**** Available data ****

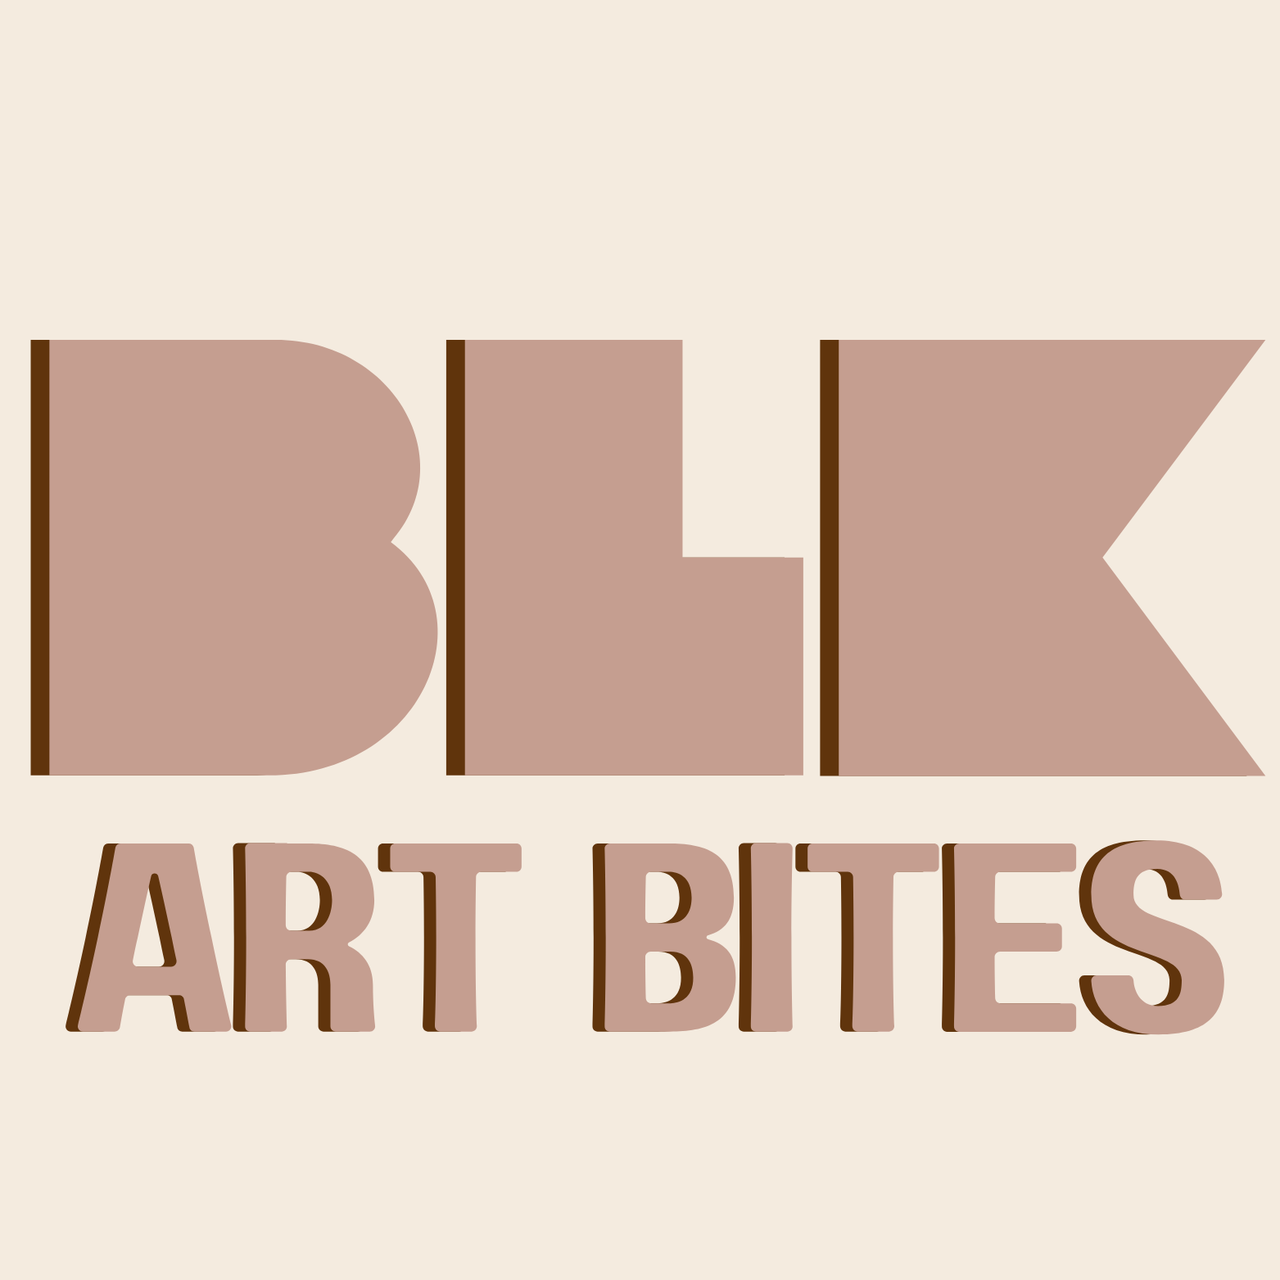 Life+Times: BLK ART BITES!
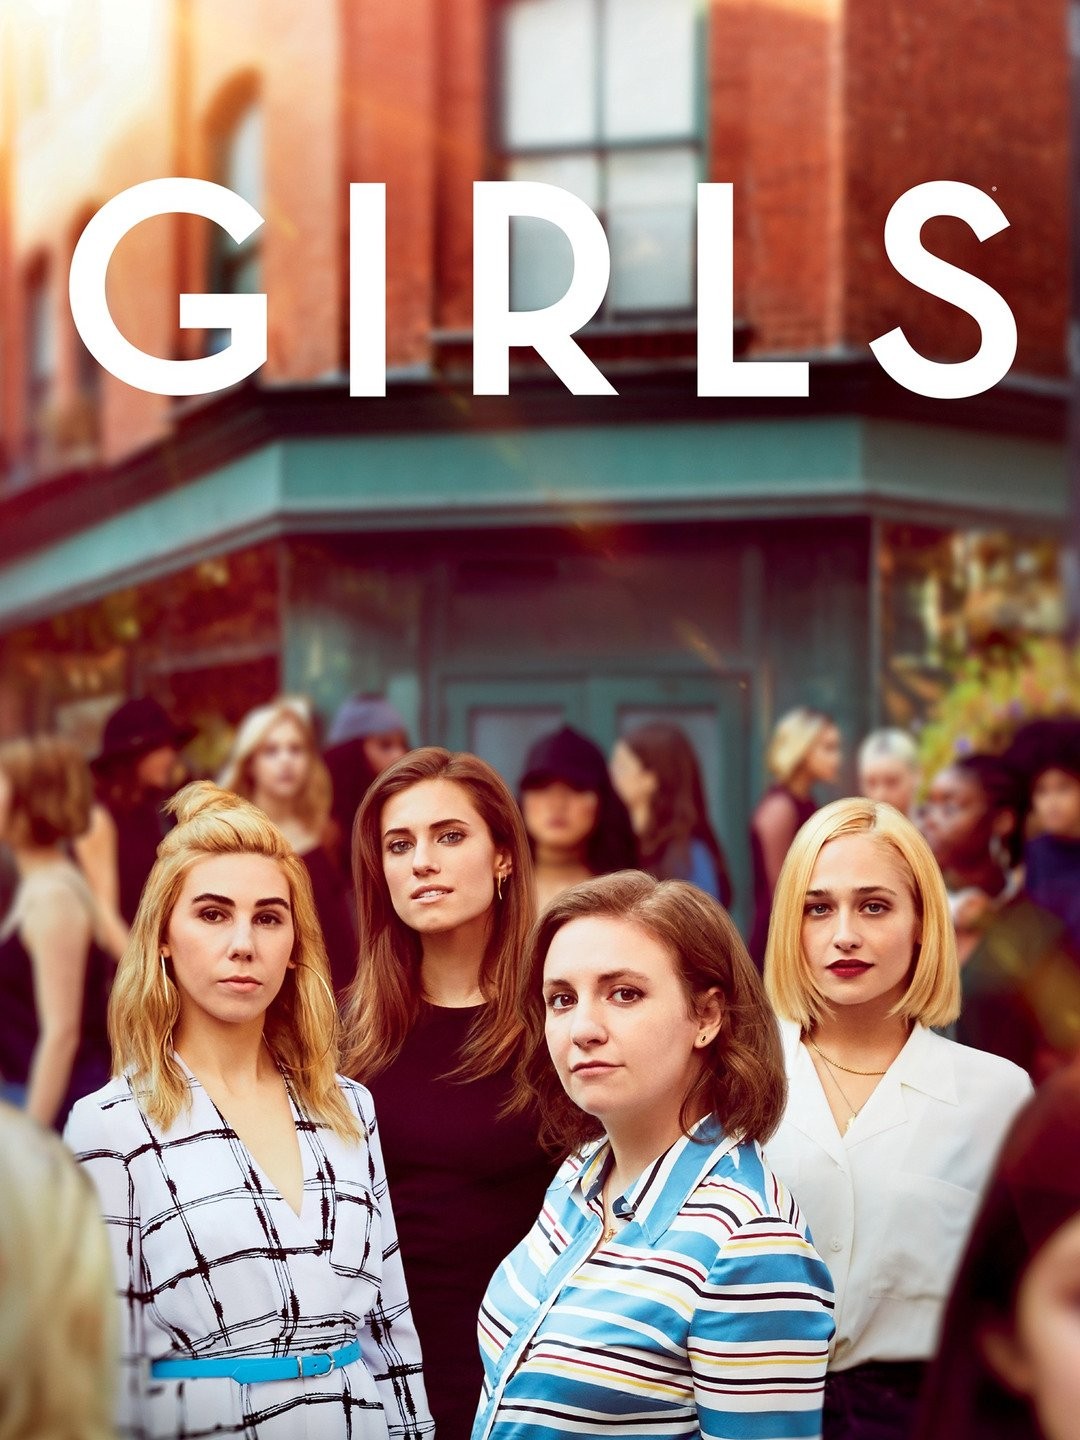 Good Girls - Rotten Tomatoes
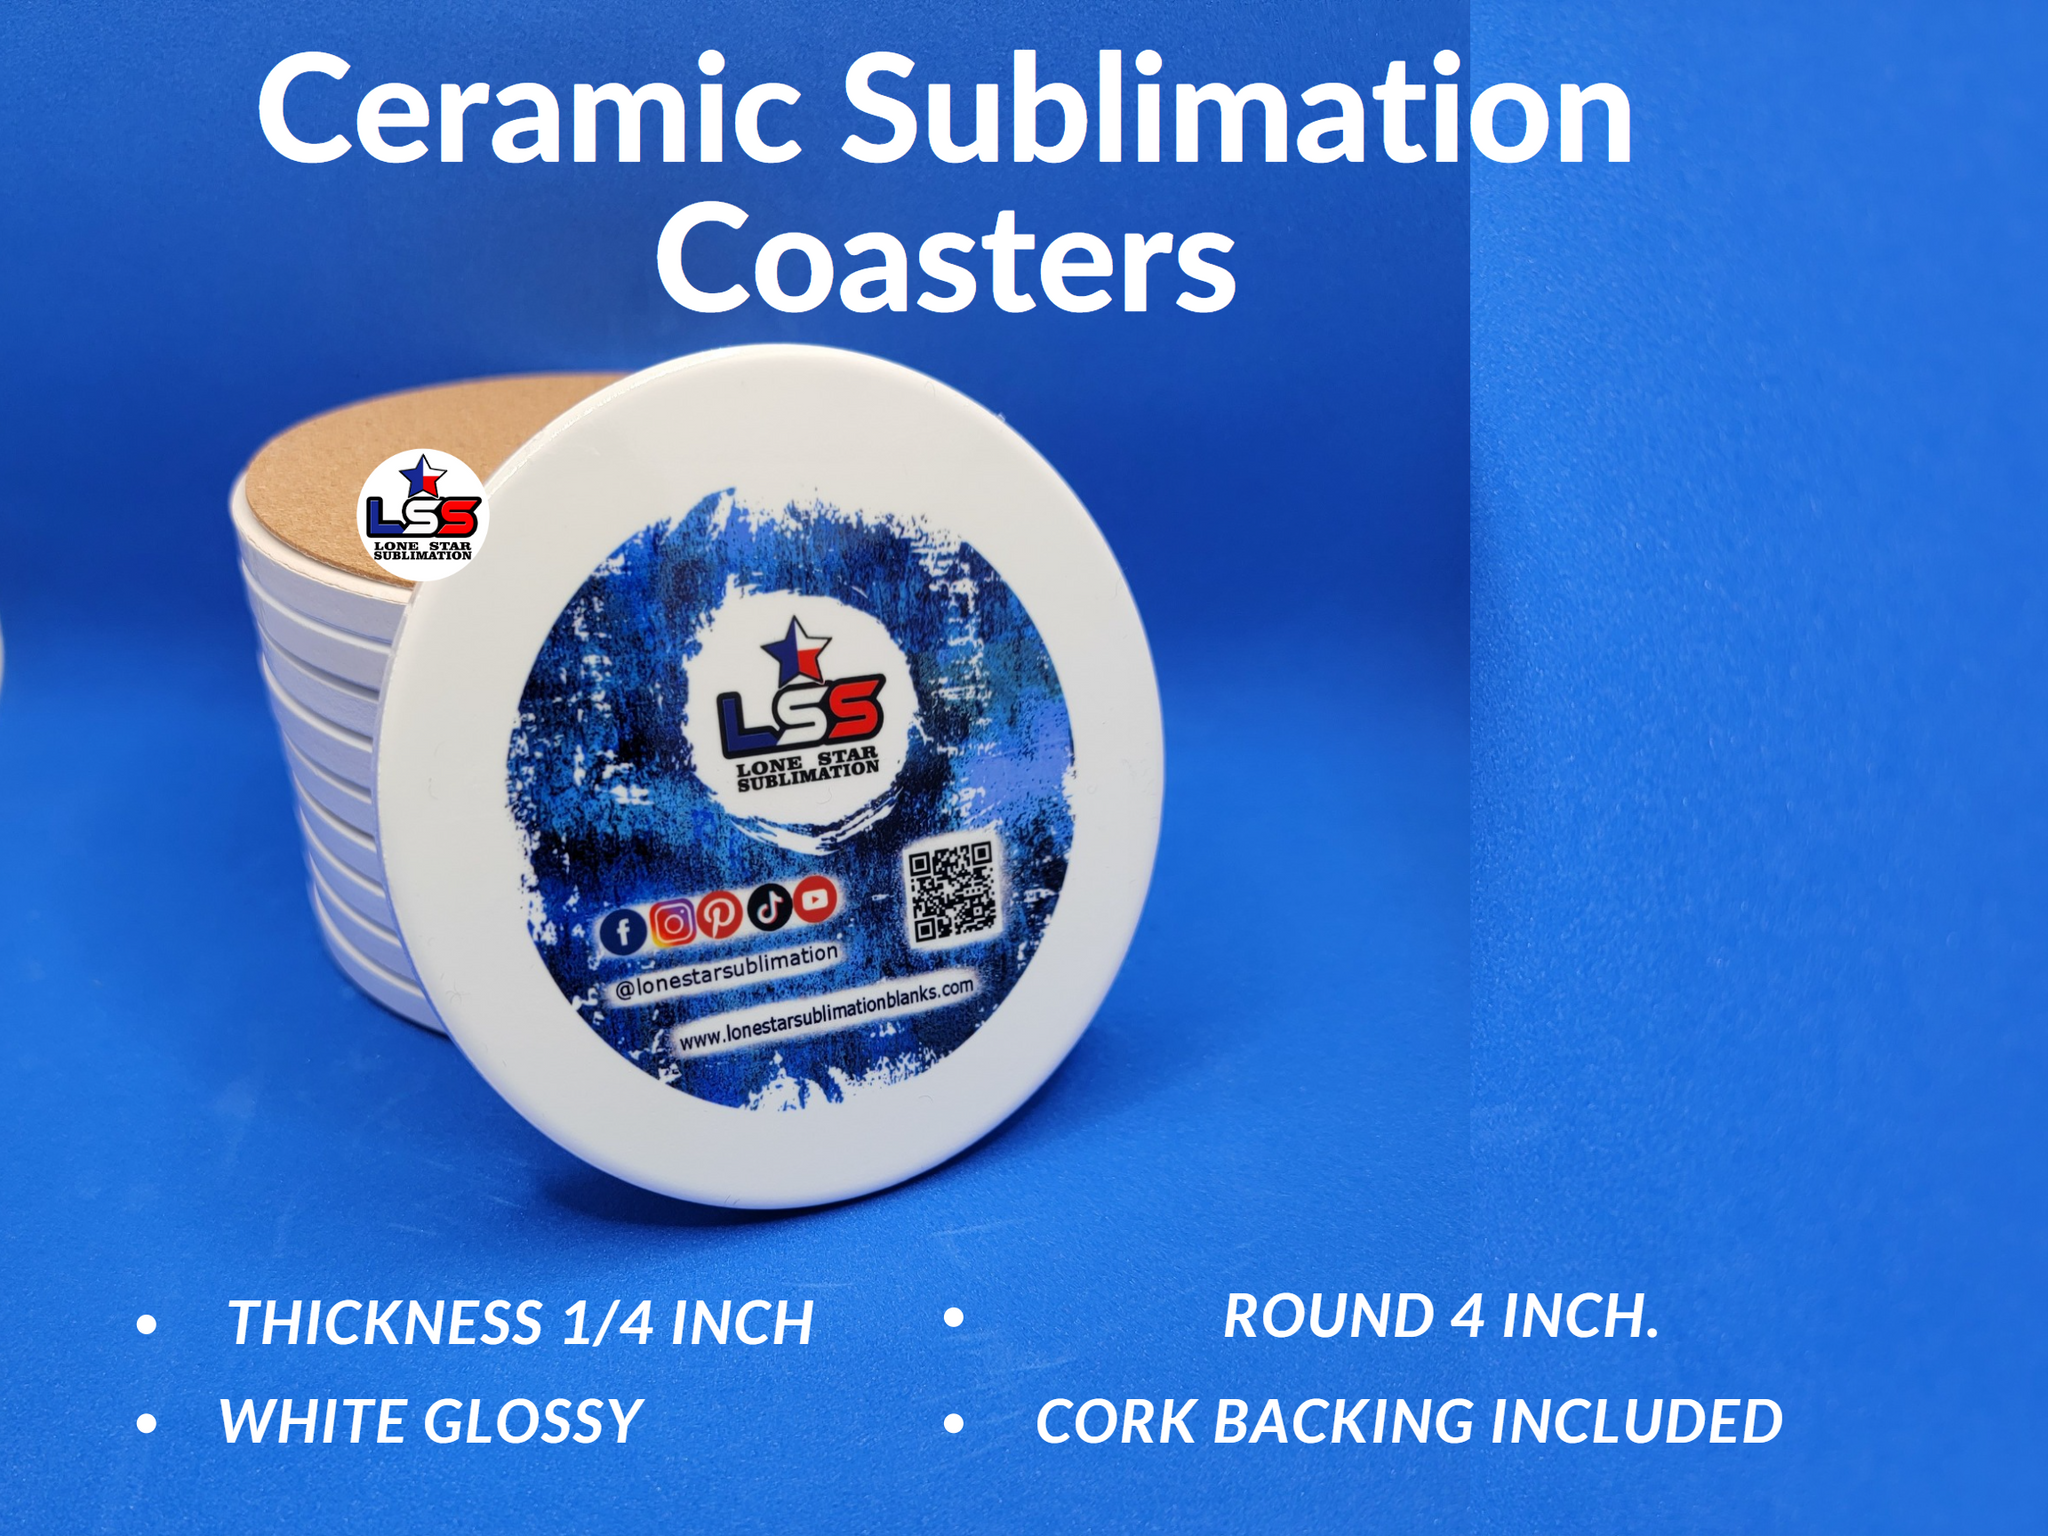 Ceramic sublimation coasters, cork backing included, single side

****

— Assignment —
Repeat each line word for word, from the one with "Good Girls - Rotten Tomatoes" down to the last line of the data, and keep the pictures out of it.

— Written answer —
 Good Girls - Rotten Tomatoes
 Ceramic sublimation coasters, cork backing included, single side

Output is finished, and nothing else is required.